Sure, it'll seem quaint and folksy when the robot infield gathers to sing happy birthday with a banjo, and the children clap and the adults all chuckle and exchange glances because the Jimmy Rollins robot's eye popped out of its socket and is hanging there by a coil, wiggling with every lyric.
And maybe people won't care when it takes too long for one of them to detect an incoming grounder, far too late to stop it, and then bowing its head shamefully as the spotlight fades.
How is this gonna work? Present to me a future in which they don't inevitably turn on the humans who created them?
This is it, isn't it? John S. Middleton, the richest man in the country, can no longer pretend this baseball team is a good investment as the old boys who control it drive it into the sun. He is finally channeling his millions of funds into something worthwhile: the end of civilization. God, I can hear the "I always knew it would start in Philly!" jokes already. GET SOME NEW MATERIAL, ASS CLOWNS.
and Phillies tickets are no exception.
"The Phillies are nudging their 17,500 season ticket holders to renew with e-tickets next year, as opposed to a delivery of paper tickets.
"Which means they just have access to their tickets sooner," says John Weber, Vice President, Ticket Sales and Operations for the Phillies. "They'll be able to email then to their co-workers, to friends, and printthem out themselves if they so choose."
Weber says in two or three years, the team will migrate nearly all tickets to a digital form.
/hits inhaler deeply
Okay. Okay. It's just the tickets.
/Places rusty shotgun back under floor boards.

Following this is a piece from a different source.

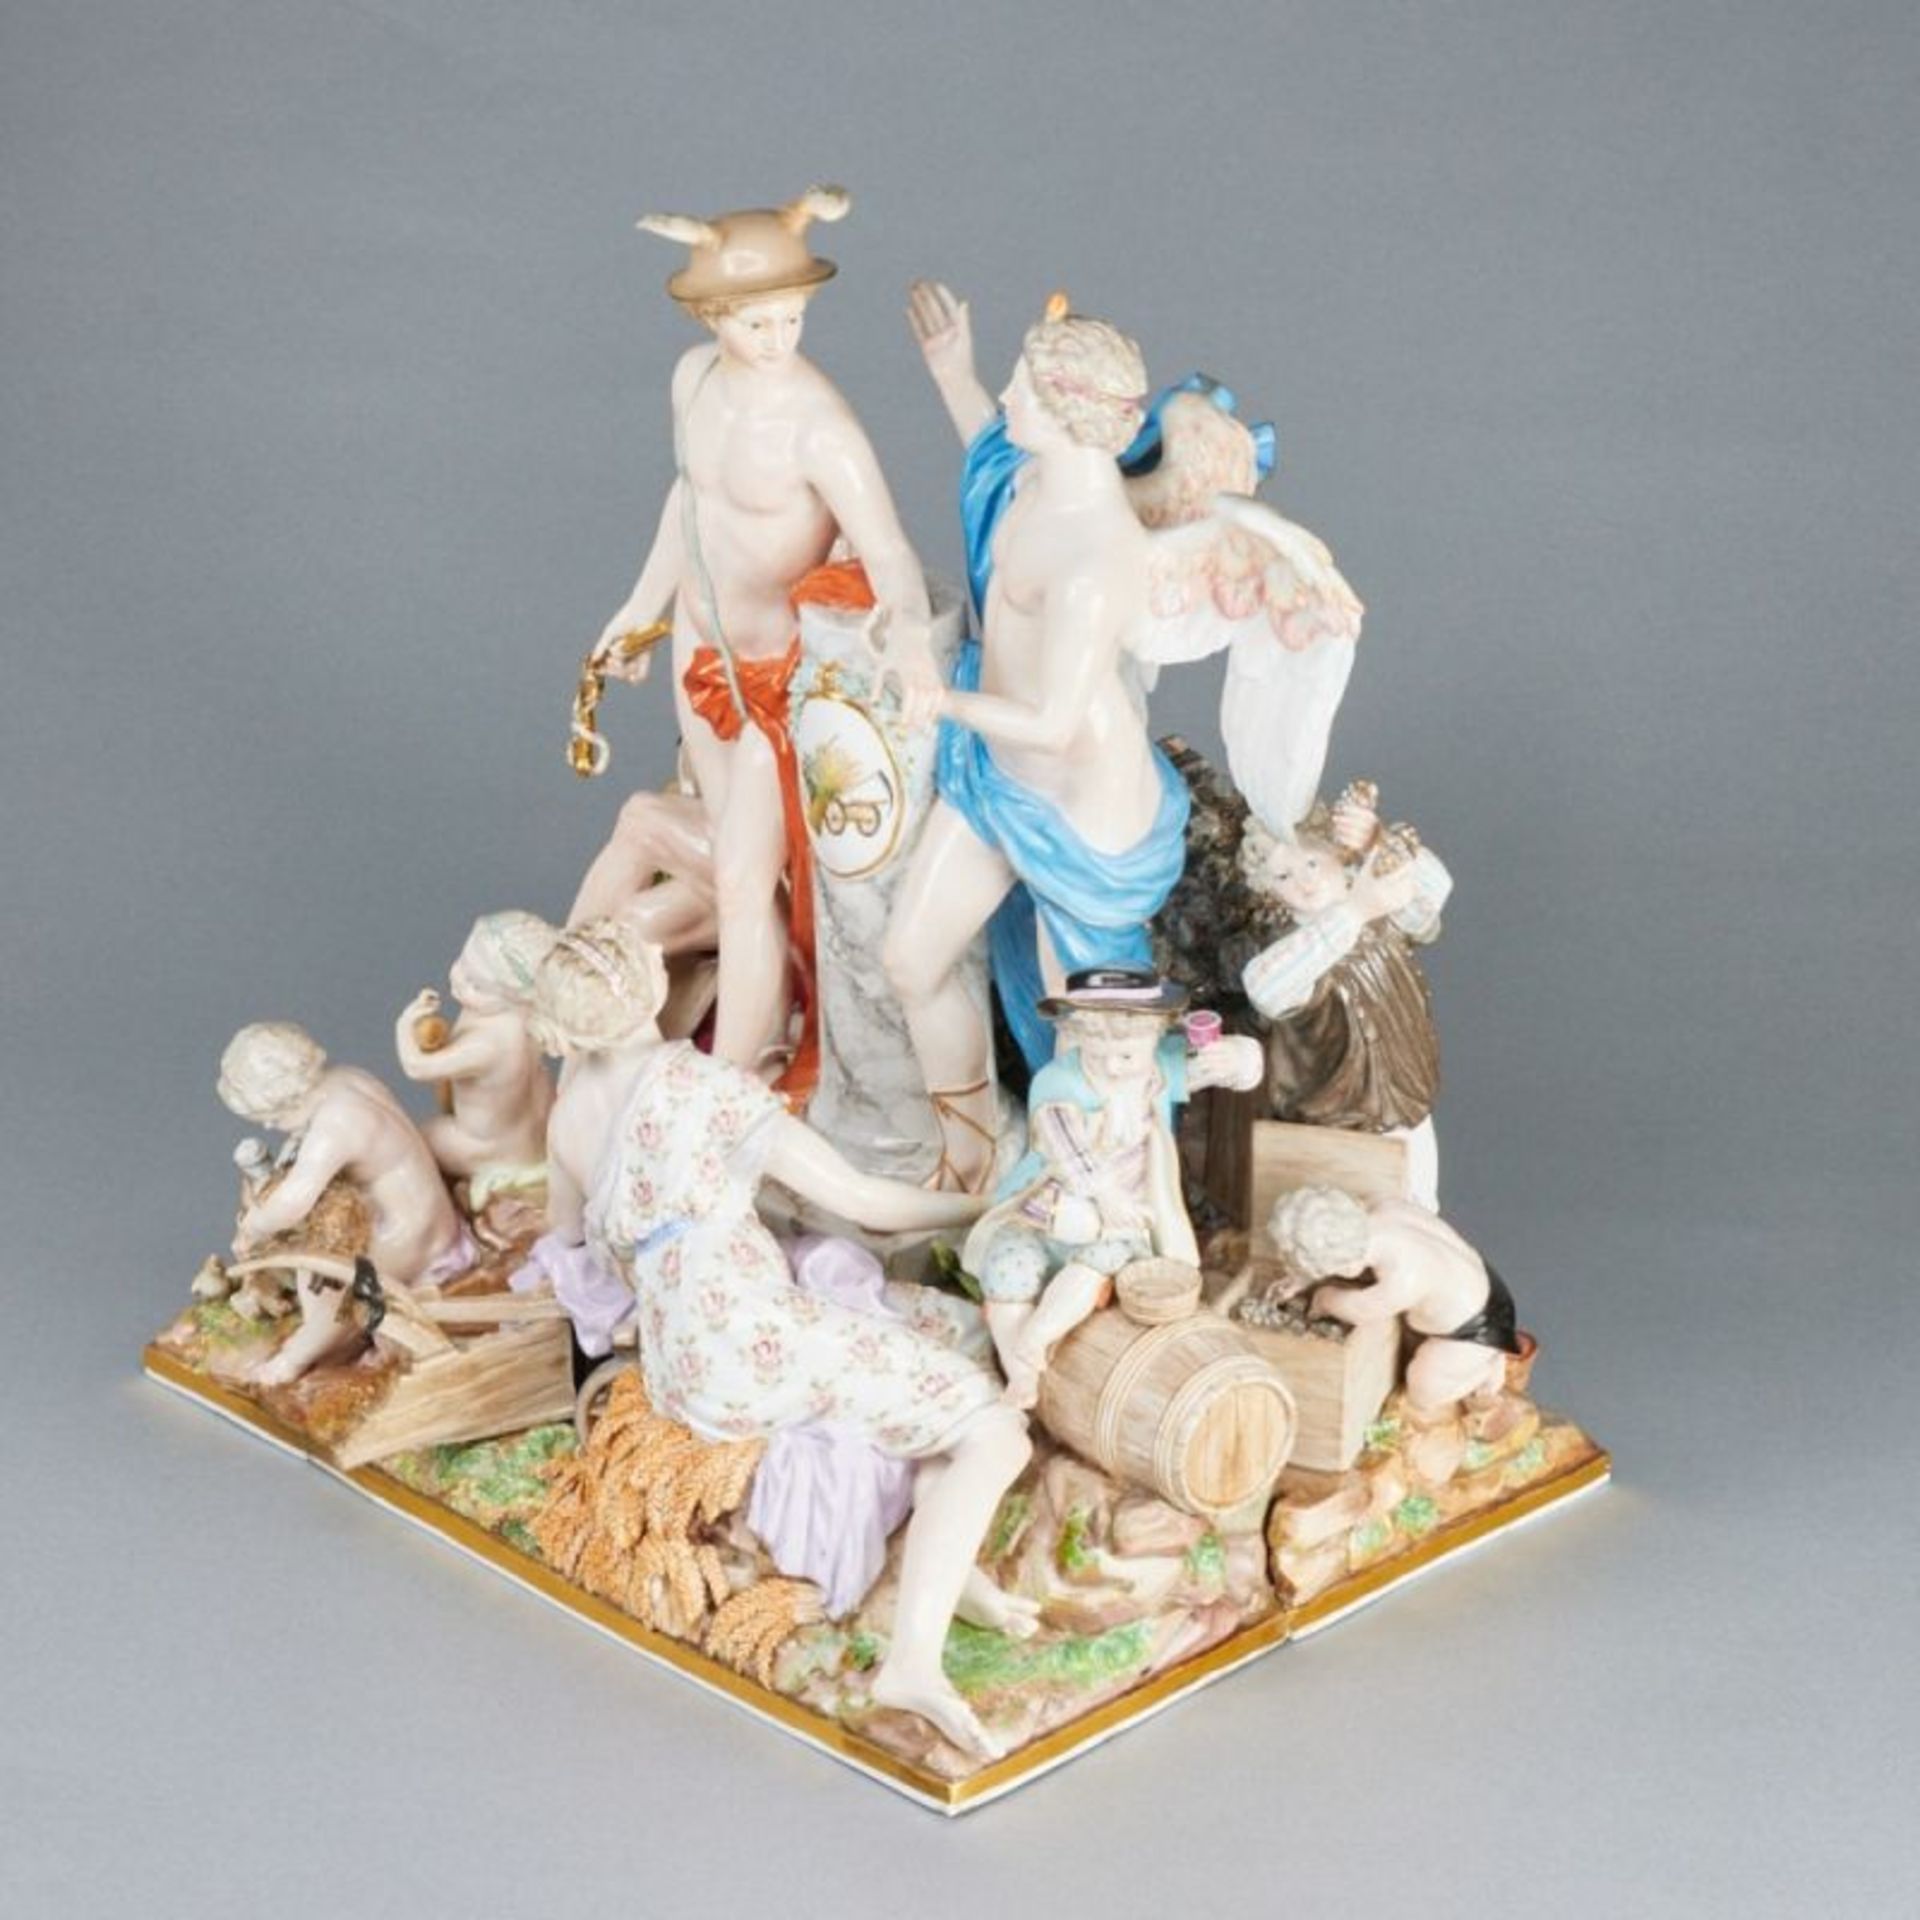 Außergewöhnliche Figurengruppe als Allegorie - Der Handel. Meissen um 1850. - Image 2 of 4

I have different crazy problems now.
Is this a sign the Phillies don't plan to have any games worthy of keeping the ticket stub? You can't open a memory box and show your grand children a digital ticket. You can't find internet footprints from a purchase of a day at the ball yard with gramps while rifling through his belongings because you weren't in the will.
What sort of message is this? I mean it's better than that apocalypse from before but still.